Charakteristisch für @techaktien ist, dass die meisten Themen auf eine humoristische, fast schon satirische Art – oft auch durch den Einsatz von Memes – dargestellt werden. Ein Spagat, wenn man bedenkt, dass Geldanlage eigentlich ein ernstes Thema ist. Inwiefern sehen Sie hier auch eine Verantwortung bei sich, die nötige Balance zu finden?

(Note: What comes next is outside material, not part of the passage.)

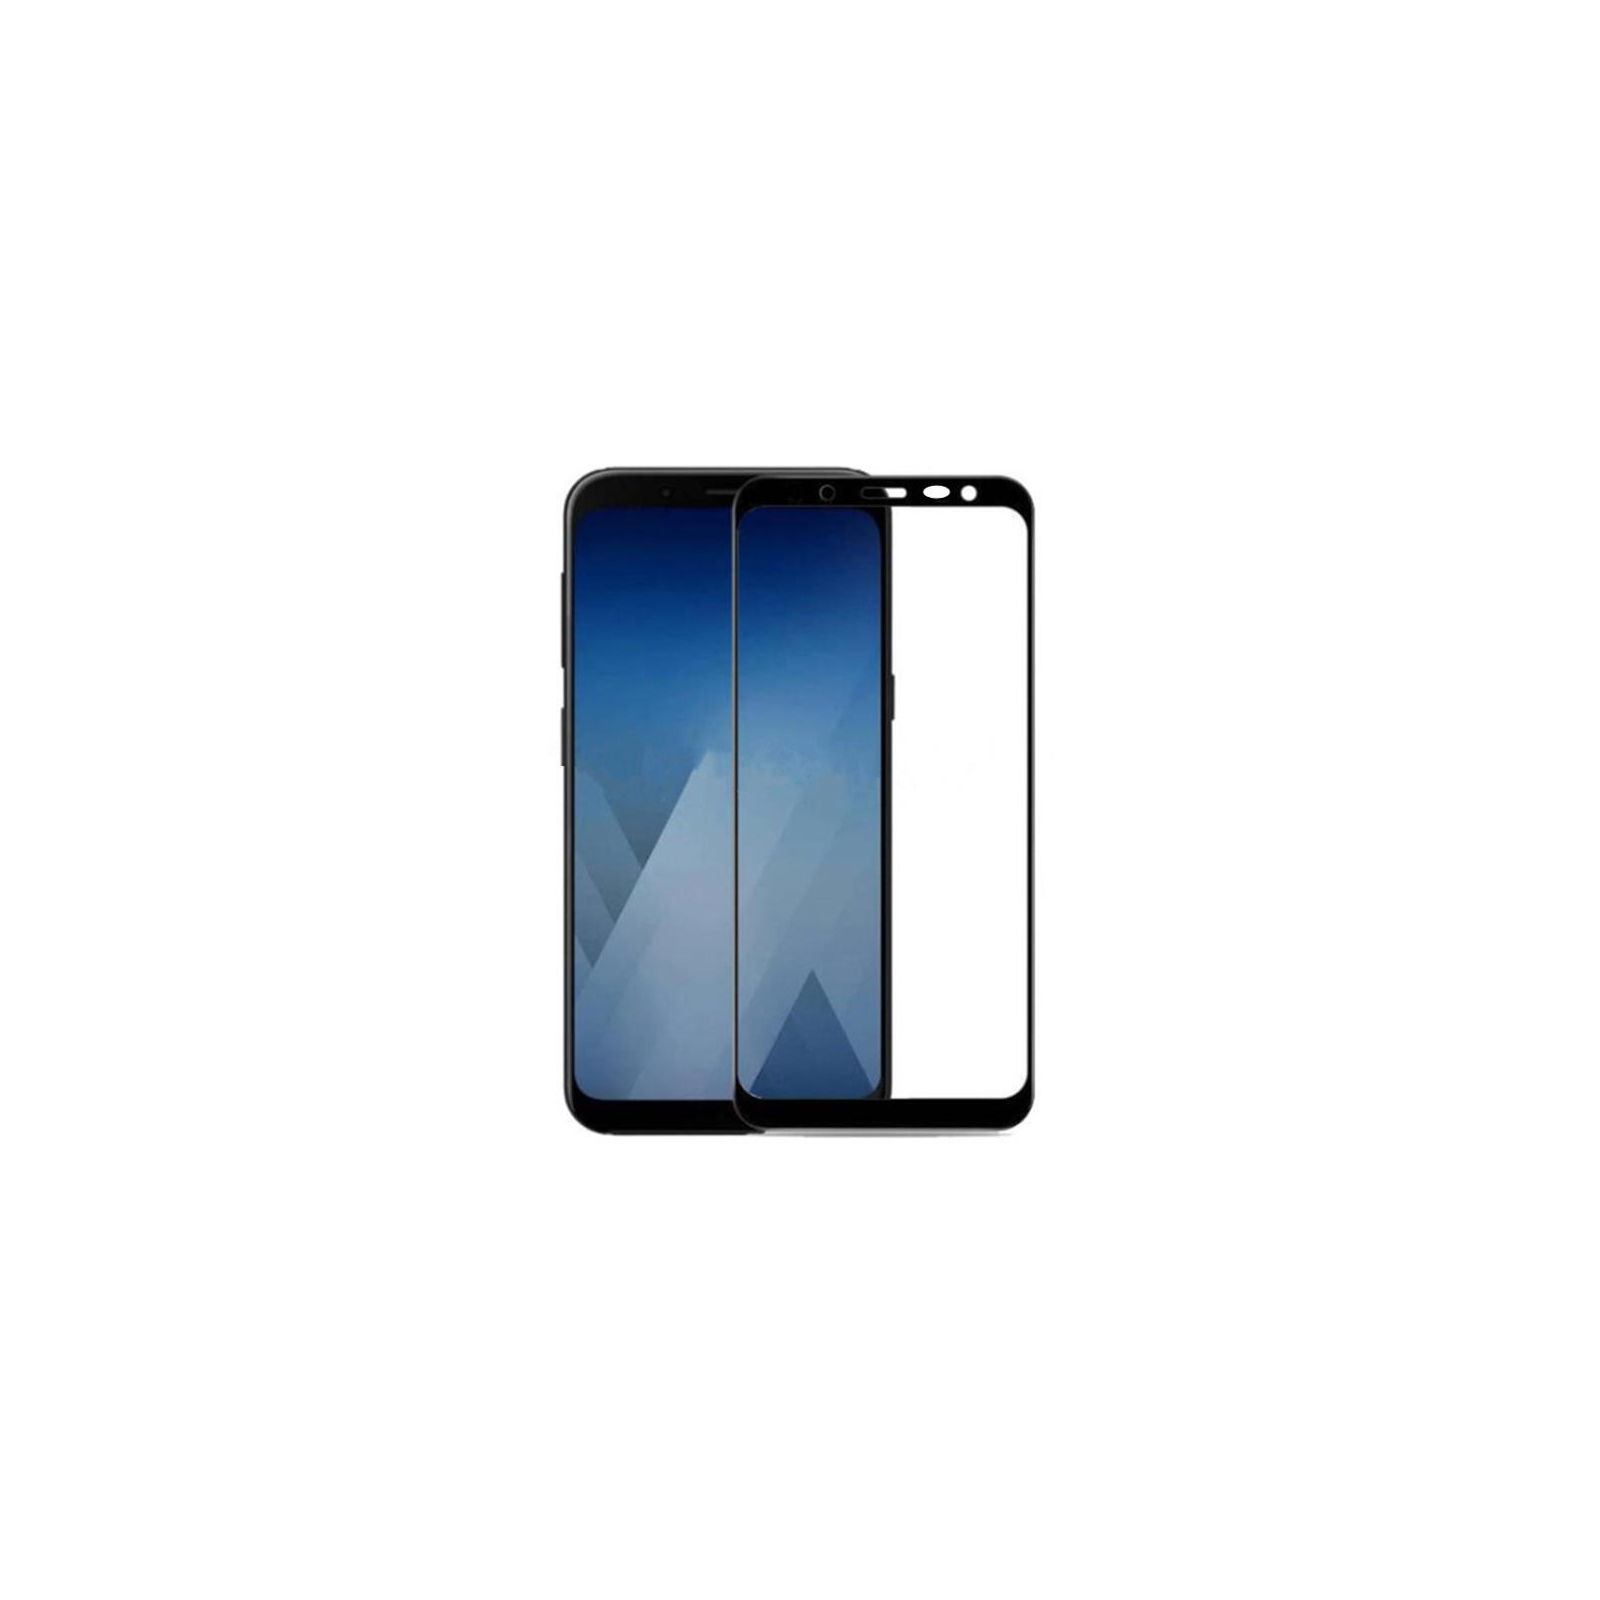 Стекло защитное Drobak для Samsung Galaxy J4 2018 Black 2.5D Full Cover (501607) изображение 2

Es gibt eine sehr große Anzahl an seriösen Finanz- und Wirtschafts-Newsseiten von CNBC, über WirtschaftsWoche, Handelsblatt, finanzen.net wie auch bankeneigene Publikationen wie bei Société Générale. Diese dürfen sich Polemik, Satire, Humor oder politisch subjektive Meinungen zu Finanz-, Wirtschafts- oder Steuerpolitik nur eingeschränkt leisten. Ich kann und darf das aber. Man sollte nicht langweilig sein, wenn man Social Media macht. Finanzen dürfen unterhaltsam sein. Wenn ich eigene Wertpapierkäufe teile und erläutere, weise ich stets auch auf die Risiken dieses Investments hin und versuche, niemanden zu überzeugen.

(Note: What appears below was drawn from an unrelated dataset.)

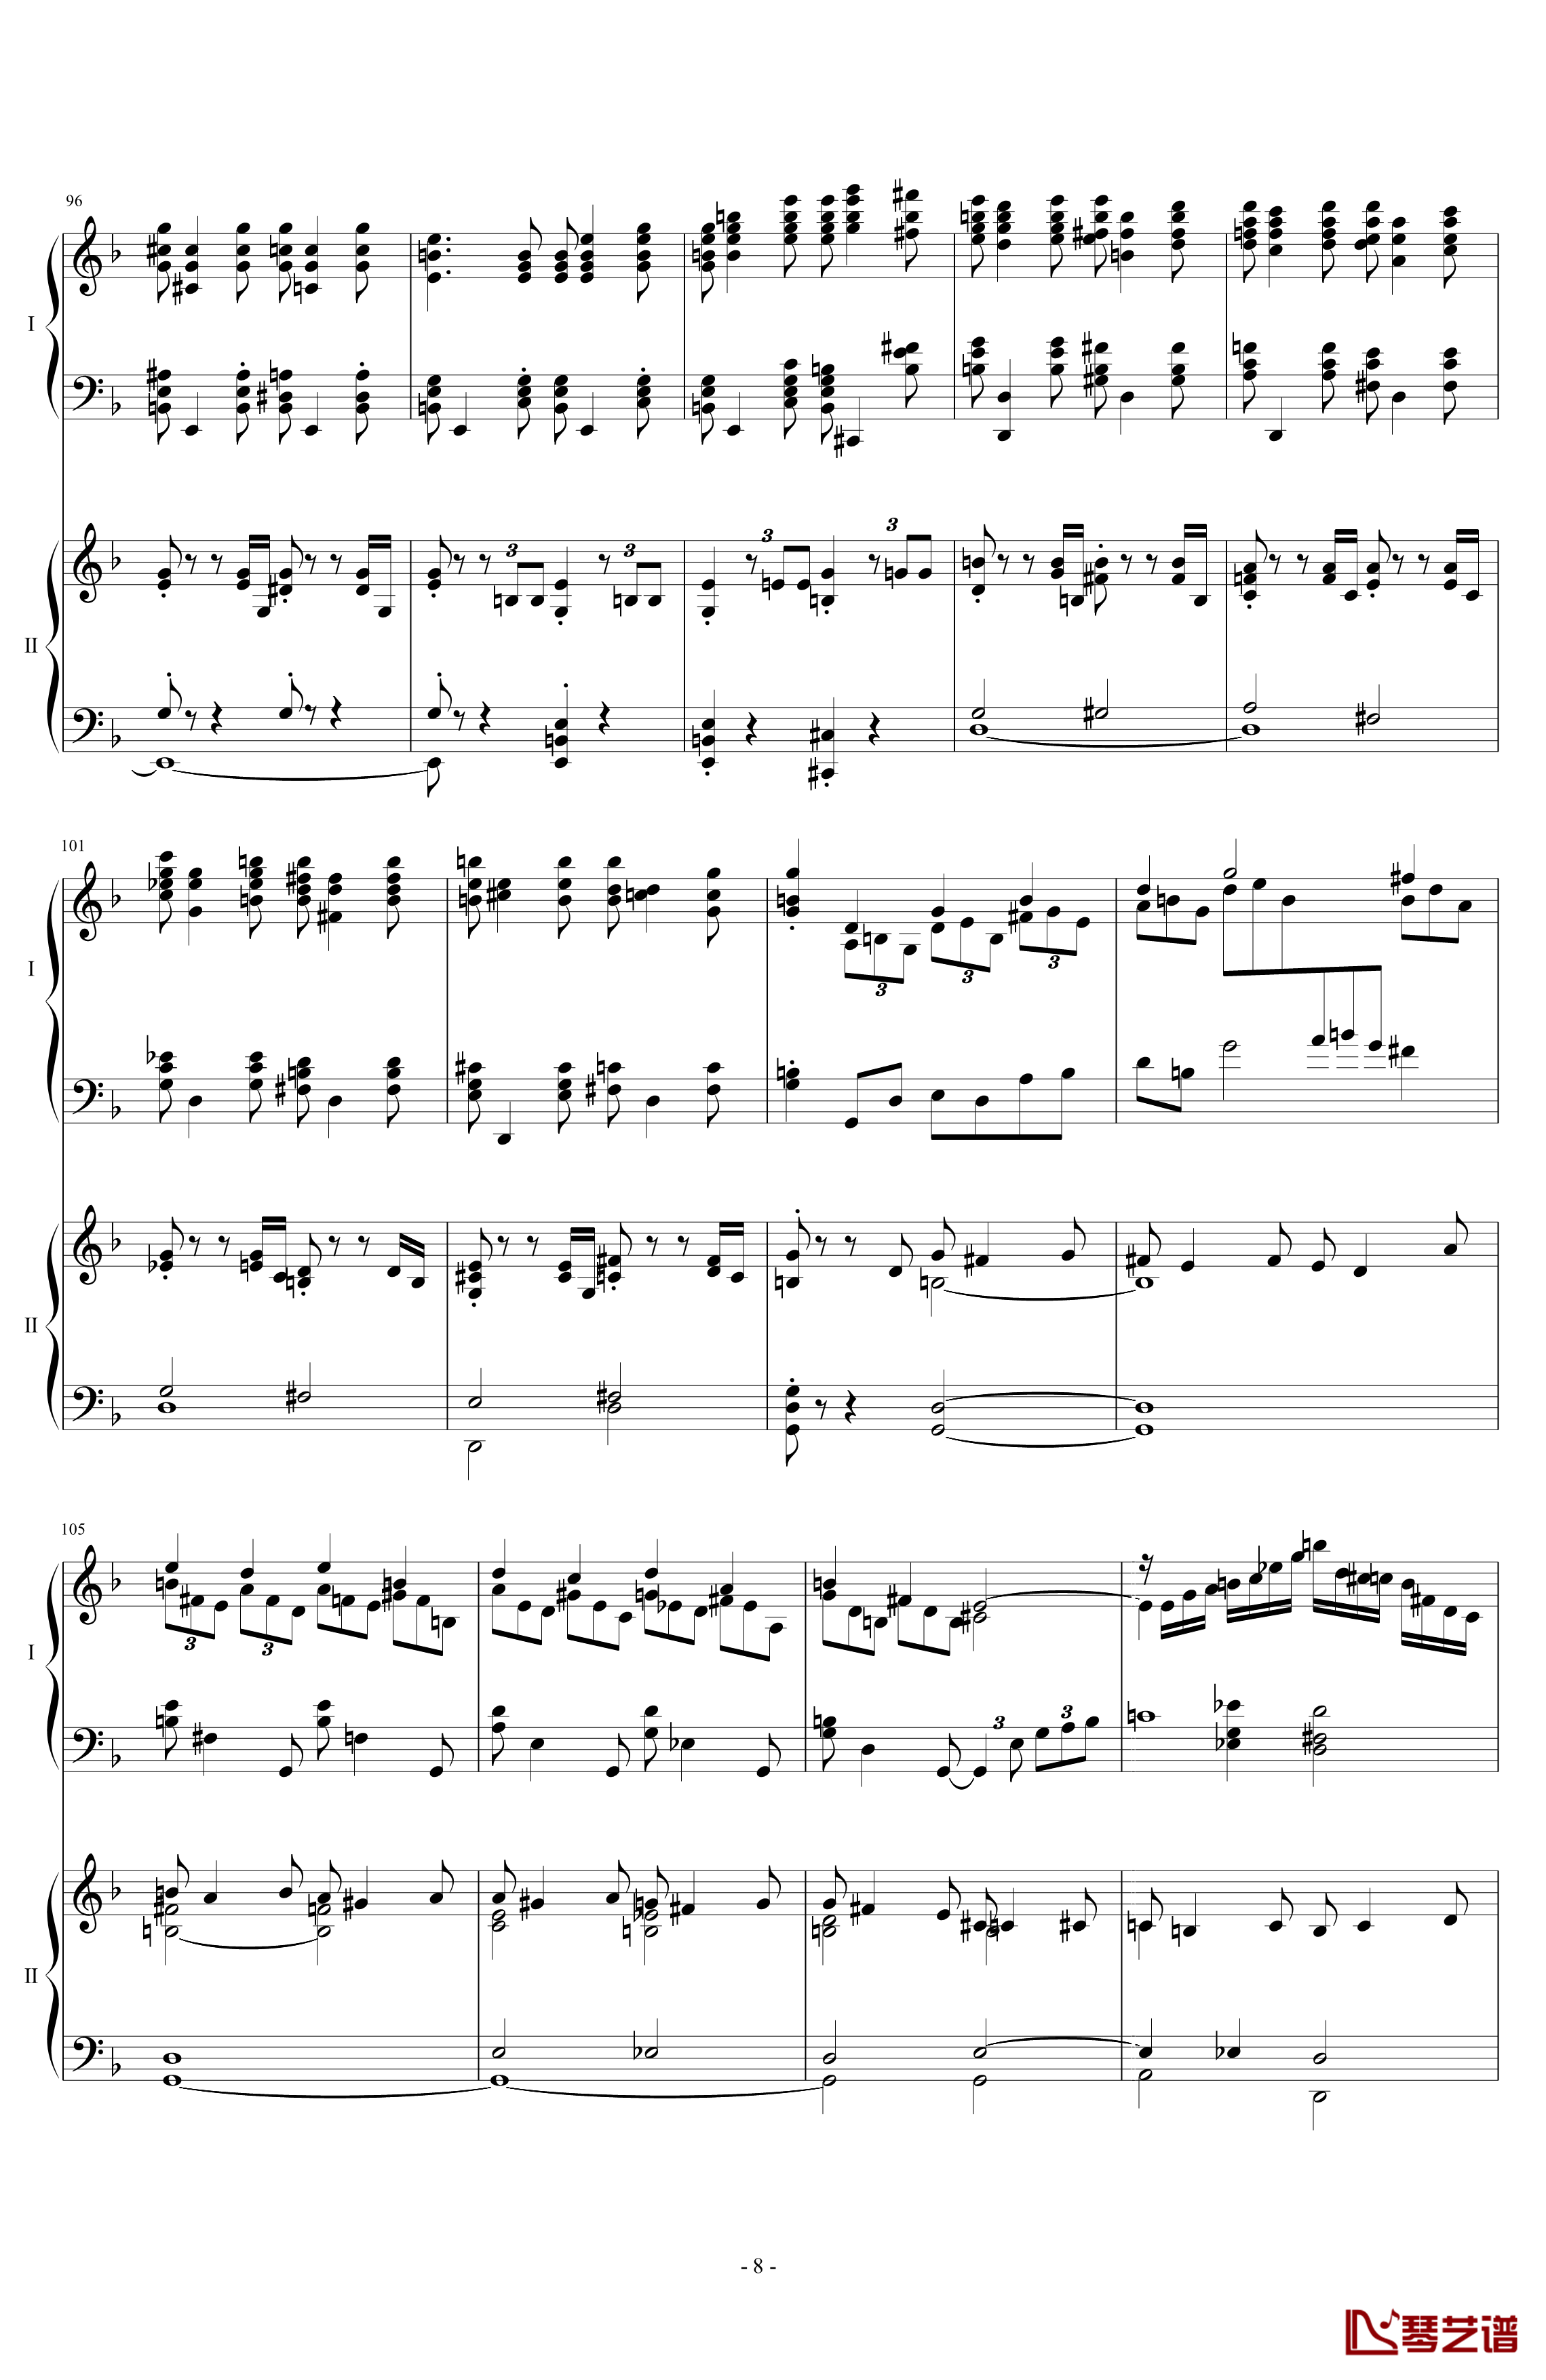 拉三第三乐章41页双钢琴钢琴谱-最难钢琴曲-拉赫马尼若夫8

Neben Tech-Aktien besprechen Sie auch aktuelle Themen aus der Finanzwelt oder klassische Dividenden-Aktien. Wie wählen Sie diese aus und wo informieren Sie sich selbst?

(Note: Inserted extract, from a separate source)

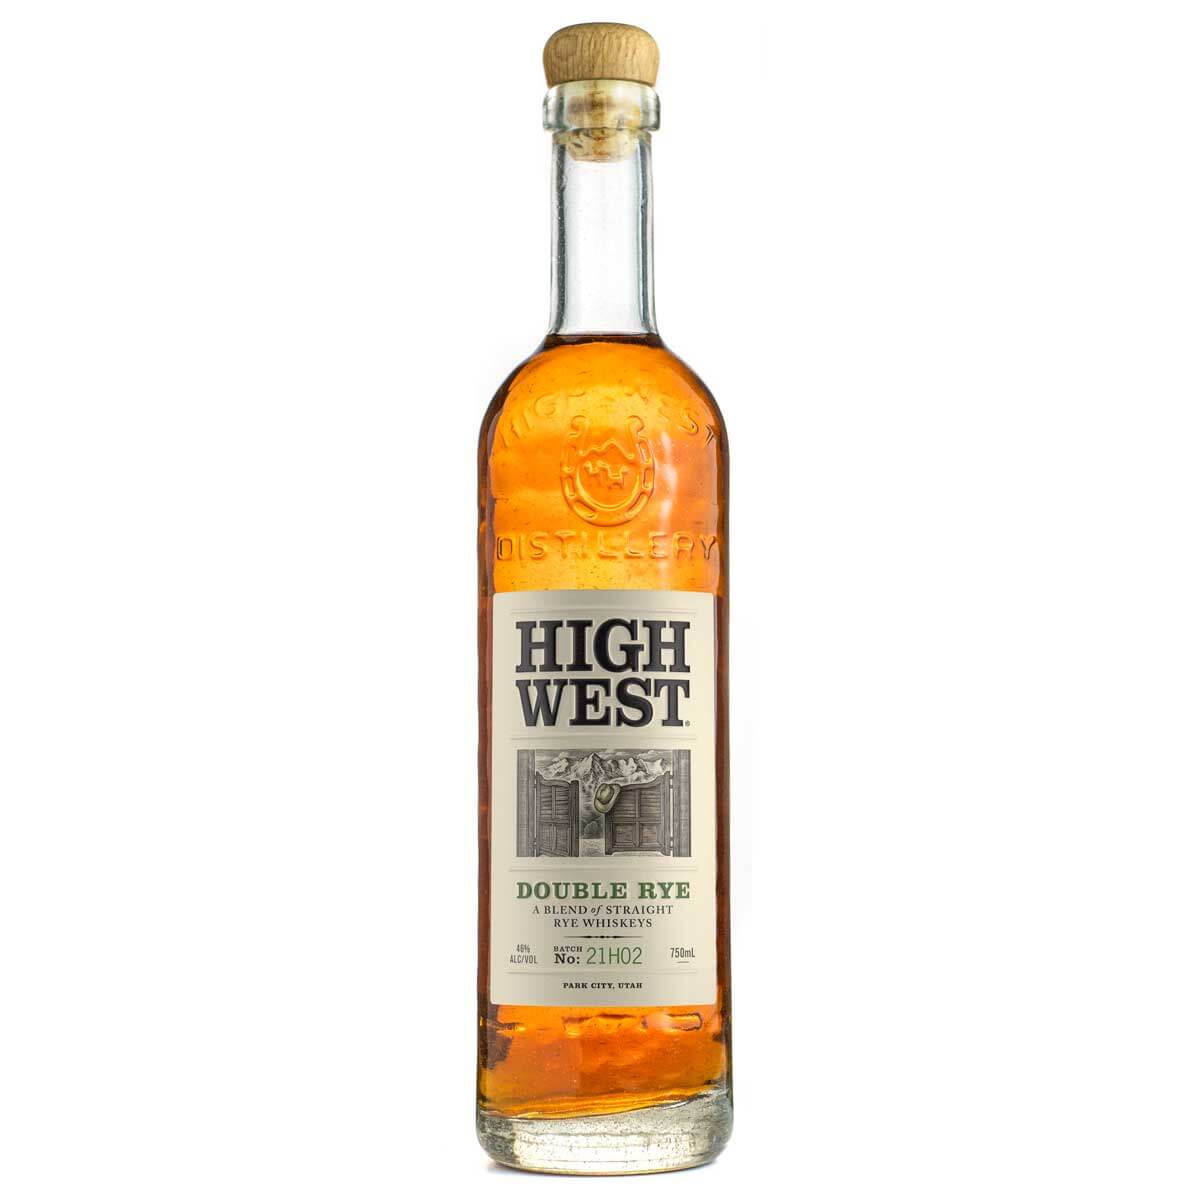 High West Double Rye bottle

Ich nutze sehr viele Quellen. Ich habe eine große Anzahl von YouTube-Kanälen zu den Themen abonniert und schaue eigentlich fast kein anderes Medium. Netflix & Co. sowie TV langweilen mich. Ich lese weiterhin Capital Magazin, F.A.Z., Welt, CNBC, Seeking Alpha und höre noch einige Finanz-Podcasts. Wenn ich ein Thema interessant finde, recherchiere ich und verarbeite das Wichtigste zu einem Beitrag. Das kann auch die Analyse von Wahlprogrammen zur Bundestagswahl nach finanziellen Aspekten sein. Das hat komischerweise niemand anderes (auch nicht in den traditionellen Medien) gemacht. Ich schon.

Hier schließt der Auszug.